Наступил день свадьбы Хуан-э. Жители двух деревень начали собираться в дом её жениха — богатого вдовца. Пришёл и литейщик. Он поставил серебряный бокал на циновку, где была приготовлена посуда для свадебного пиршества. Скоро гостей пригласили отведать угощения. Принялись разливать вино из больших чайников…

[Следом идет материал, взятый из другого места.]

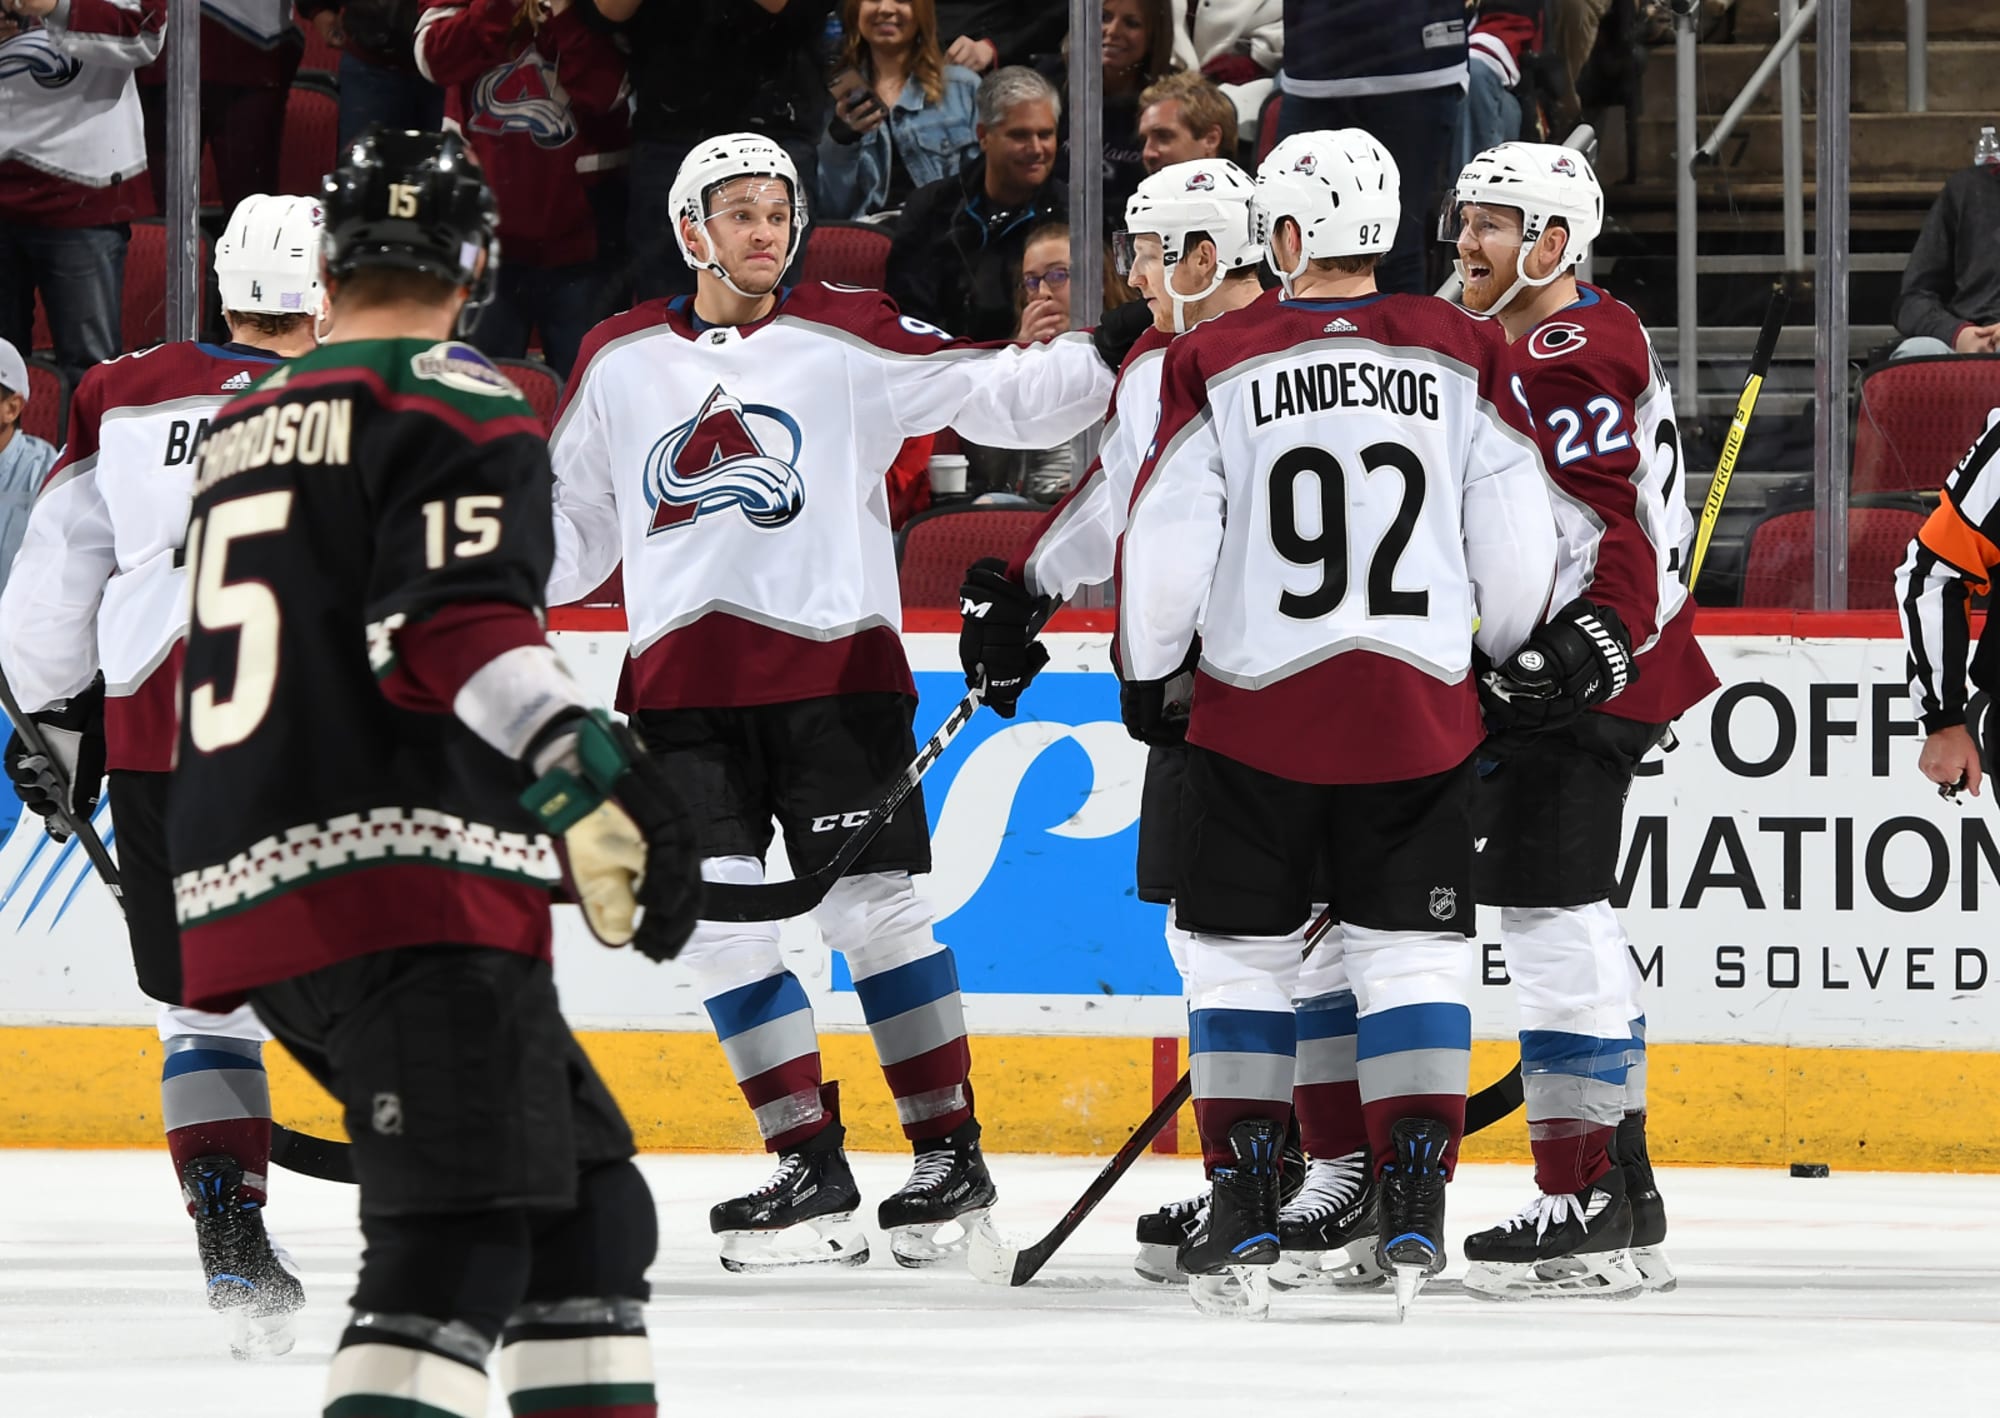 Colorado Avalanche Alternate Erik Johnson with Strong Words after Chicago  Loss

Всем в доме было весело. Только одна Хуан-э, пока гости пировали, сидела, как велел обычай, в дальней комнате. Горько плакала она, вспоминая своего милого, которого больше никогда не увидит. Вдруг весёлый шум, доносившийся из комнаты для гостей, смолк, и в наступившей тишине послышался чистый голос флейты. Голос этот пел любимую песню Хуан-э.
Девушка вскочила — может быть, её обманули, сказав, будто молодой пастух умер! Не раздумывая, она побежала туда, откуда доносились звуки. Чуть приоткрыв дверь, Хуан-э заглянула в комнату, где собрались гости. Но юноши-пастуха там не было. Песню пел серебряный бокал, наполненный вином. Гости сидели молча, с изумленными лицами, а бокал допел песню до конца и умолк. Сколько ни наливали потом вина, бокал больше не пел.
Долгие годы прожила несчастная Хуан-э. Когда ей становилось особенно грустно, она брала бокал и подносила его к губам. Бокал тихонько напевал знакомую, милую её сердцу песню.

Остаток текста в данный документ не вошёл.